University of Texas at San Antonio



**Open Cloud Institute**


Email Classification


**Paul Rad, Ph.D.**

**Gonzalo De La Torre, Ph.D. Student**

*Open Cloud Institute, University of Texas at San Antonio, San Antonio, Texas, USA*
gonzalo.delatorreparra@utsa.edu, paul.rad@utsa.edu


Email Classification using Machine Learning

Email classification is a common beginner problem from Natural Language Processing (NLP). The idea is simple - given an email you’ve never seen before, determine whether or not that email is Spam or not (aka Ham).

While the classification between spam and non-spam email task is easy for humans, it’s much harder to write a program that can correctly classify an email as Spam or Ham. In the following program, instead of telling the program which words we think are important, we will proceed to let the program learn which words are actually important.

To tackle this problem, we start with a collection of sample emails (i.e. a text corpus). In this corpus, each email has already been labeled as Spam or Ham. Since we are making use of these labels in the training phase, this is a supervised learning task. This is called supervised learning because we are (in a sense) supervising the program as it learns what Spam emails look like and what Ham email look like.

During the training phase, we present these emails and their labels to the program. For each email, the program says whether it thought the email was Spam or Ham. After the program makes a prediction, we tell the program what the label of the email actually was. The program then changes its configuration so as to make a better prediction the next time around. This process is done iteratively until either the program can’t do any better or we get impatient and just tell the program to stop.

Initial Steps

In this section we will start by importing the necessary libraries into our machine learning program. One of the main libraries we are importing is tensorflow which is the library we will be using to perform many of our deep learning computations. In addition, we will also import the pre-labeled email data contained in the data.tar.gz file and set variables where the number of words within an email will be saved numFeatures and the and classification (ham or spam) is stated numLabels.


In [ ]:
# import statements

from __future__ import division
import tensorflow as tf
import numpy as np
import tarfile
import os
import matplotlib.pyplot as plt
import time

# Display plots inline 
%matplotlib inline

# import email data

def csv_to_numpy_array(filePath, delimiter):
    return np.genfromtxt(filePath, delimiter=delimiter, dtype=None)

def import_data():
    if "data" not in os.listdir(os.getcwd()):
        # Untar directory of data if we haven't already
        tarObject = tarfile.open("/home/gonzalo/tensorflow-tutorial/data.tar.gz")
        tarObject.extractall()
        tarObject.close()
        print("Extracted tar to current directory")
    else:
        # we've already extracted the files
        pass

    print("loading training data")
    trainX = csv_to_numpy_array("data/trainX.csv", delimiter="\t")
    trainY = csv_to_numpy_array("data/trainY.csv", delimiter="\t")
    print("loading test data")
    testX = csv_to_numpy_array("data/testX.csv", delimiter="\t")
    testY = csv_to_numpy_array("data/testY.csv", delimiter="\t")
    return trainX,trainY,testX,testY

trainX,trainY,testX,testY = import_data()

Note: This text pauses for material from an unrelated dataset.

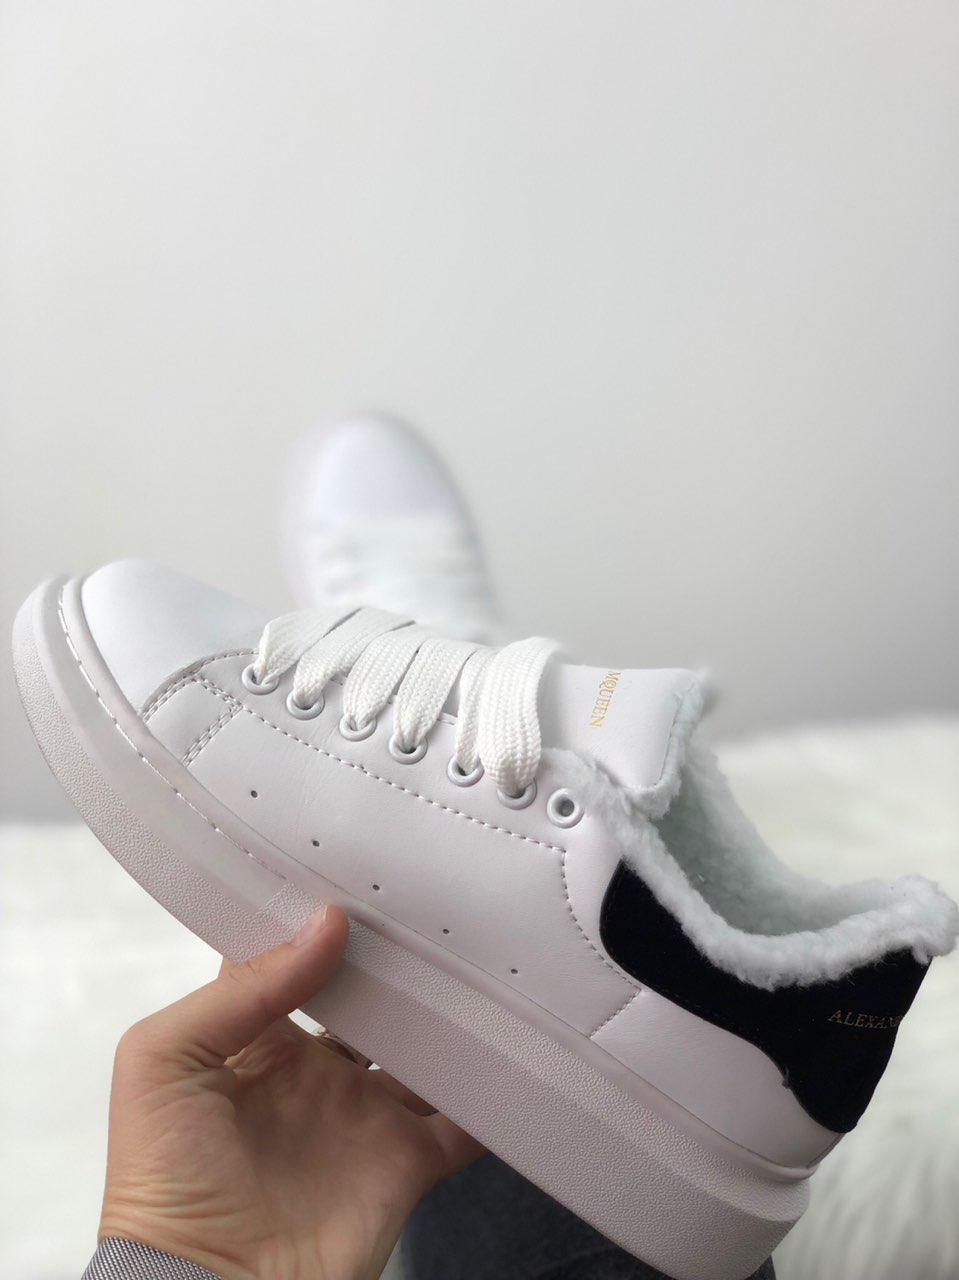 Зимние женские кроссовки Александр Маквин белые с чёрным (реплика)

# set parameters for training

# features, labels
numFeatures = trainX.shape[1]
numLabels = trainY.shape[1]

Defining your placeholders

A placeholder is simply a variable that we will assign data to at a later date. It allows us to create our operations and build our computation graph, without needing the data. In TensorFlow terminology, we then feed data into the graph through these placeholders.


In [ ]:
# define placeholders and variables for use in training

X = tf.placeholder(tf.float32, [None, numFeatures])
yGold = tf.placeholder(tf.float32, [None, numLabels])

weights = tf.Variable(tf.random_normal([numFeatures,numLabels],
                                       mean=0,
                                       stddev=(np.sqrt(6/numFeatures+
                                                         numLabels+1)),
                                       name="weights"))
bias = tf.Variable(tf.random_normal([1,numLabels],
                                    mean=0,
                                    stddev=(np.sqrt(6/numFeatures+numLabels+1)),
                                    name="bias"))

Initializing Variables

After definining our placeholders we must proceed to initialize all the variables and define additional functions using tensorflow library to compute define a feedforward algorithm, cost function, optimization algorithms, and estimate our accuracy. At this point none of these operations would be executed, just defined.


In [ ]:
# initialize variables
init_OP = tf.initialize_all_variables()

# define feedforward algorithm
y = tf.nn.sigmoid(tf.add(tf.matmul(X, weights, name="apply_weights"), bias, name="add_bias"), name="activation")

# define cost function and optimization algorithm (gradient descent)
learningRate = tf.train.exponential_decay(learning_rate=0.0008,
                                          global_step= 1,
                                          decay_steps=trainX.shape[0],
                                          decay_rate= 0.95,
                                          staircase=True)
cost_OP = tf.nn.l2_loss(y-yGold, name="squared_error_cost")
training_OP = tf.train.GradientDescentOptimizer(learningRate).minimize(cost_OP)

# accuracy function
correct_prediction = tf.equal(tf.argmax(y,1), tf.argmax(yGold,1))
accuracy = tf.reduce_mean(tf.cast(correct_prediction, tf.float32))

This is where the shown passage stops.